Congestion consistency:

  • Min Occupancy to Identify Congestion: when occupancy is over the specified percentage.
  • Max Flow to Identify Congestion: when flow is under the specified flow.

A congestion consistency message will appear when these two criteria are fulfilled simultaneously.

Spatial consistency:

  • Min Flow Value to Check Consistency: to determine which records to check.
  • Max Distance to Check Consistency: to determine which objects to include, according to the distance to the record being checked.
  • Min Flow Difference to Report Inconsistency: when the difference between two measure points that have no interference in between (no merge/diverge nor centroid connections) or when the incoming vs outcoming flow difference in the node is higher that the specified percentage.

Spatial consistency messages apply to count or flow records. The count or flow of a record in the RDS will be considered provided it is higher than the Min Flow Value to Check Consistency. It compares the value of the record with all records from the same interval within the Max Distance to Check Consistency. When the record corresponds to a partial value (not covering all the lanes of the section) data on the missing lanes will be looked for within 50m. When not found, this record will not be checked for spatial consistency.
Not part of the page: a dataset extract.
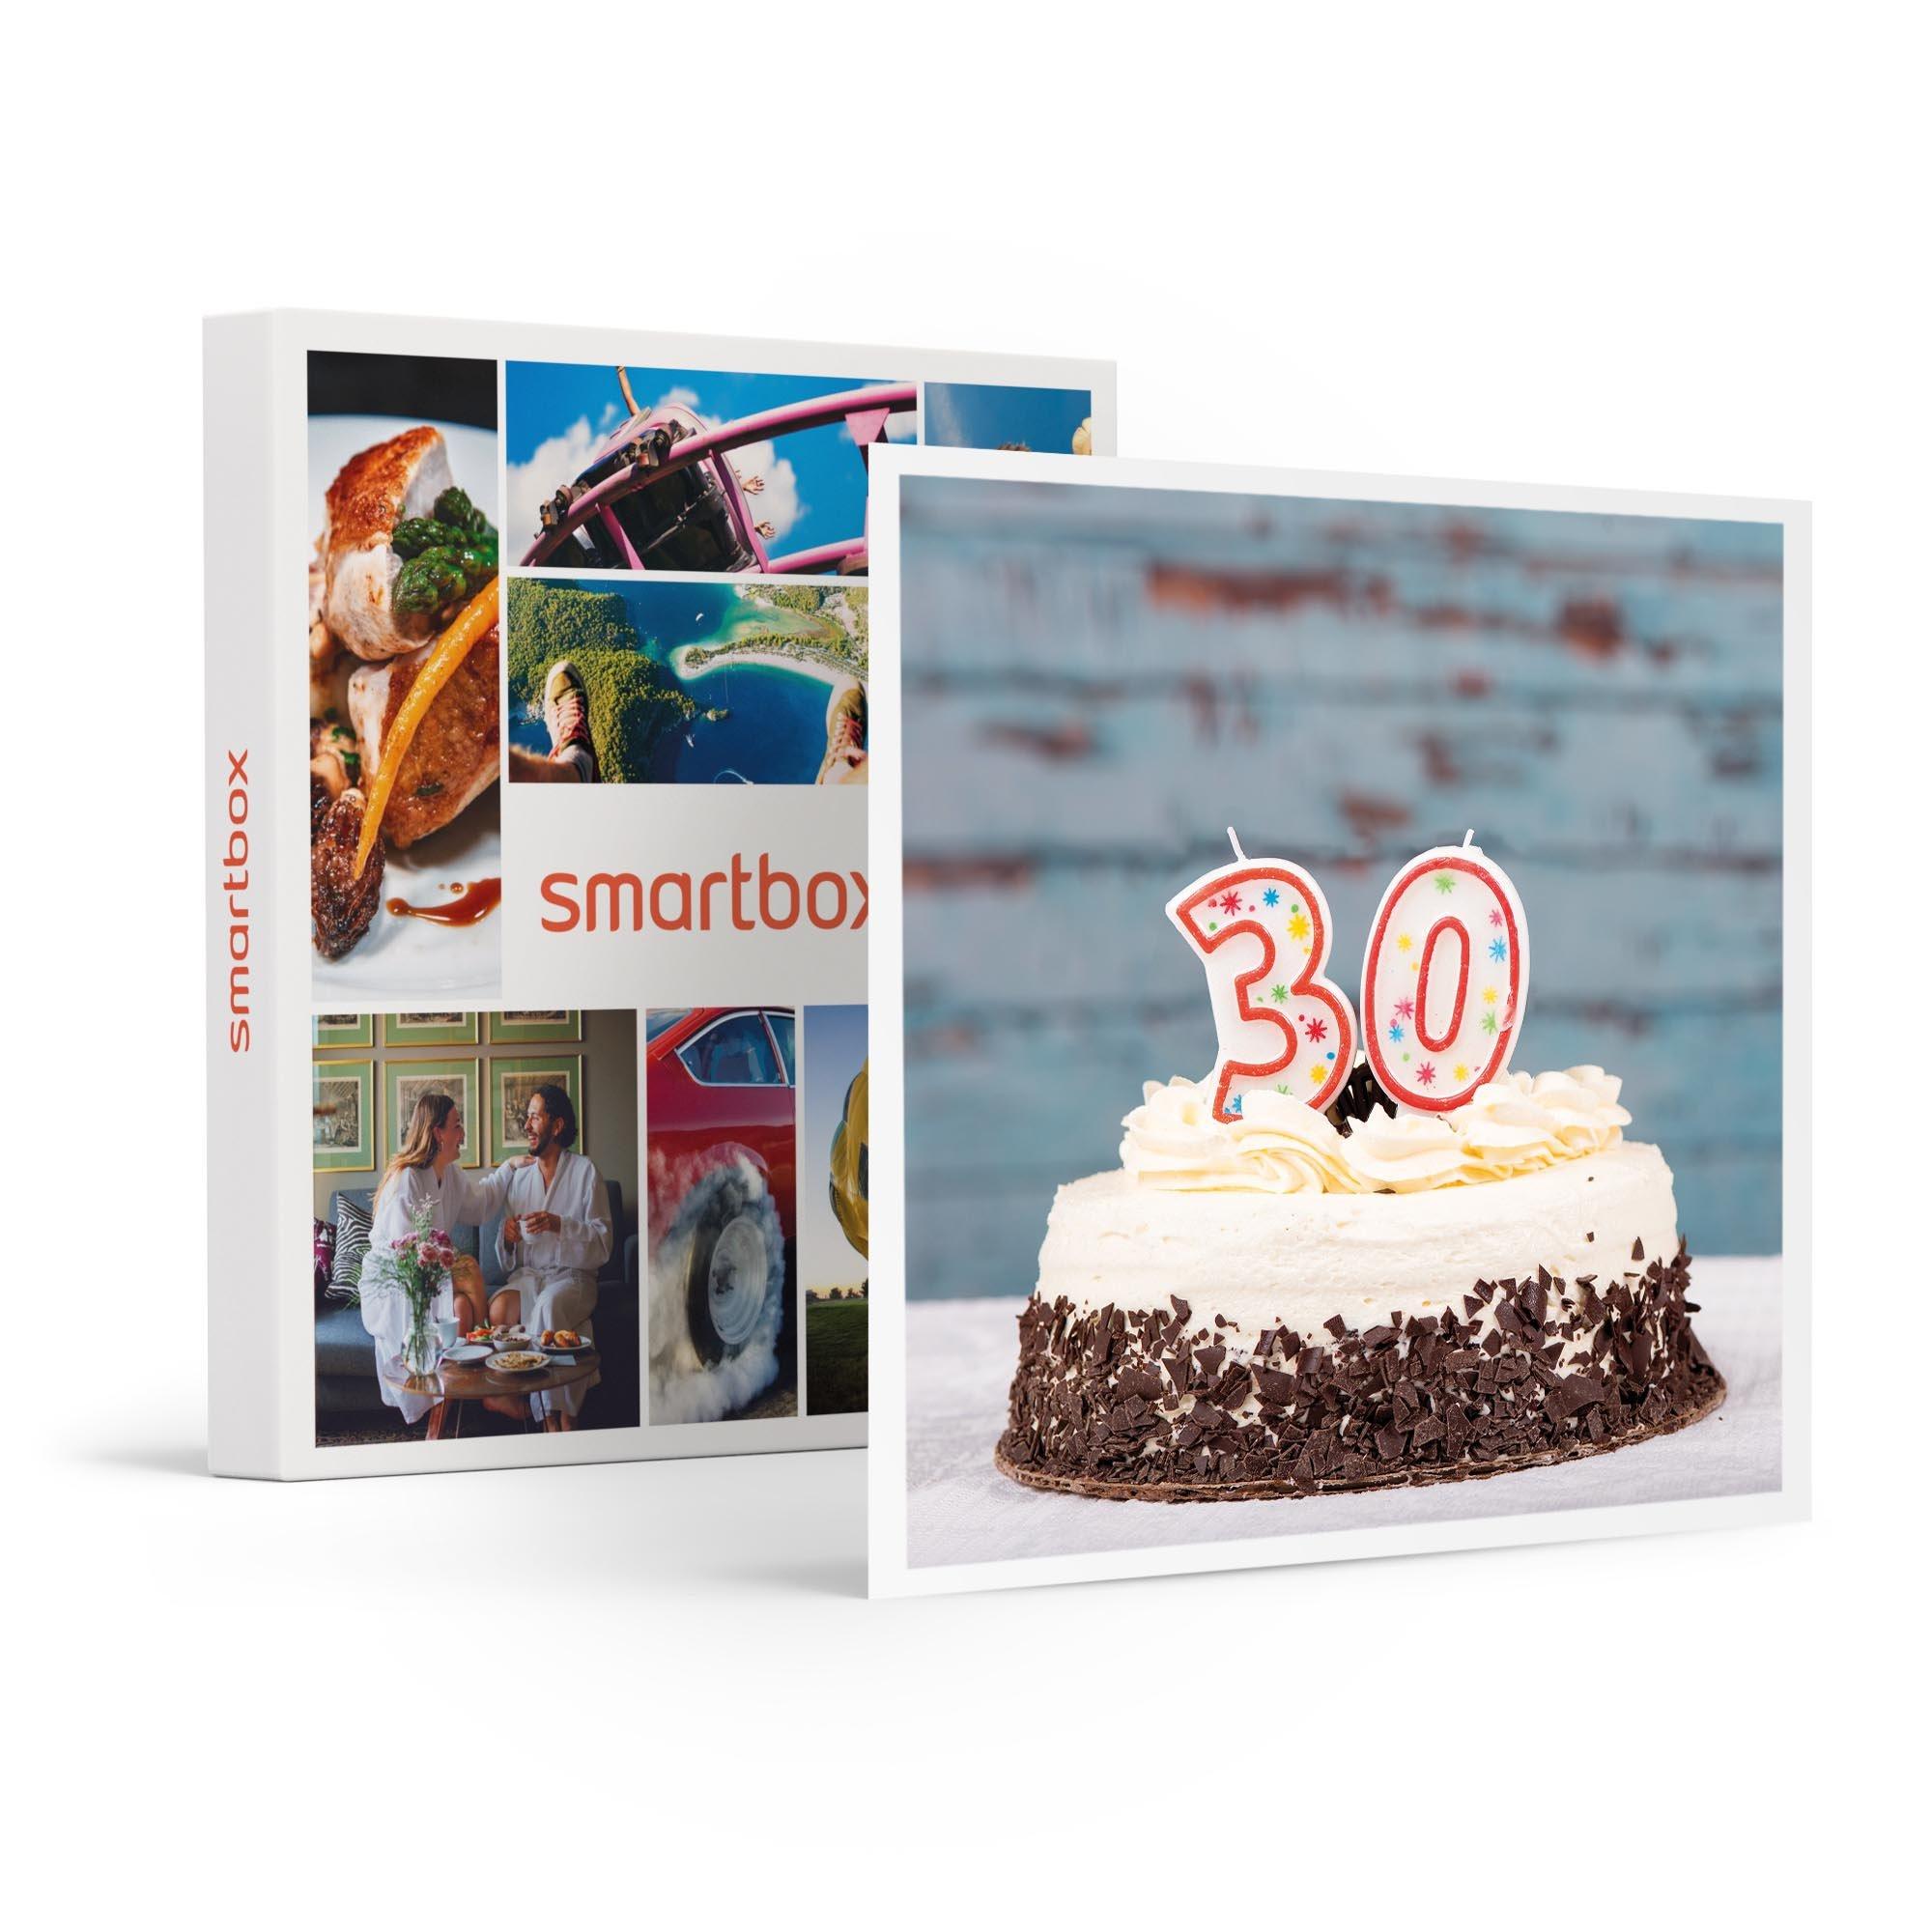 Smartbox  Alles Gute zum Geburtstag! Eine Welt der besonderen Momente zum 30. Geburtstag - Geschenkbox

Only in order to reach more spatial checks and as long as a node is not affected by centroid connections and includes data for all entrances and exits except one, the checker will calculate and assign the balance value for the no data section for the interval and the vehicle type that include the other inputs and outputs. This new data will be addressed as the other data entities and only be included in the check process.

The count or flow being checked is propagated until the next measuring point and directly compared if there are no geometry interferences (only section joins are encountered). Also, the possible difference of flow due to distance between the measure points is taken into account, by calculating an approximate of the storage capacity if all vehicles where stopped between these two points and assuming a density of a vehicle each 5m. So for this case, a warning report is generated when the count or flow difference is higher than the specified Min Flow Difference to Report Inconsistency. If the value difference minus the storage capacity between both points compared to the highest value is higher than the specified Min Flow Difference to Report Inconsistency then instead of the warning, an error will be issued.

Another count or flow consistency spatial check is done as well for nodes: when getting to a node where there are more options, if data is available on all entrances and exits, the incoming vs outcoming total value is then compared. If incoming vs outcoming exceeds the specified percentage in absolute value will be reported.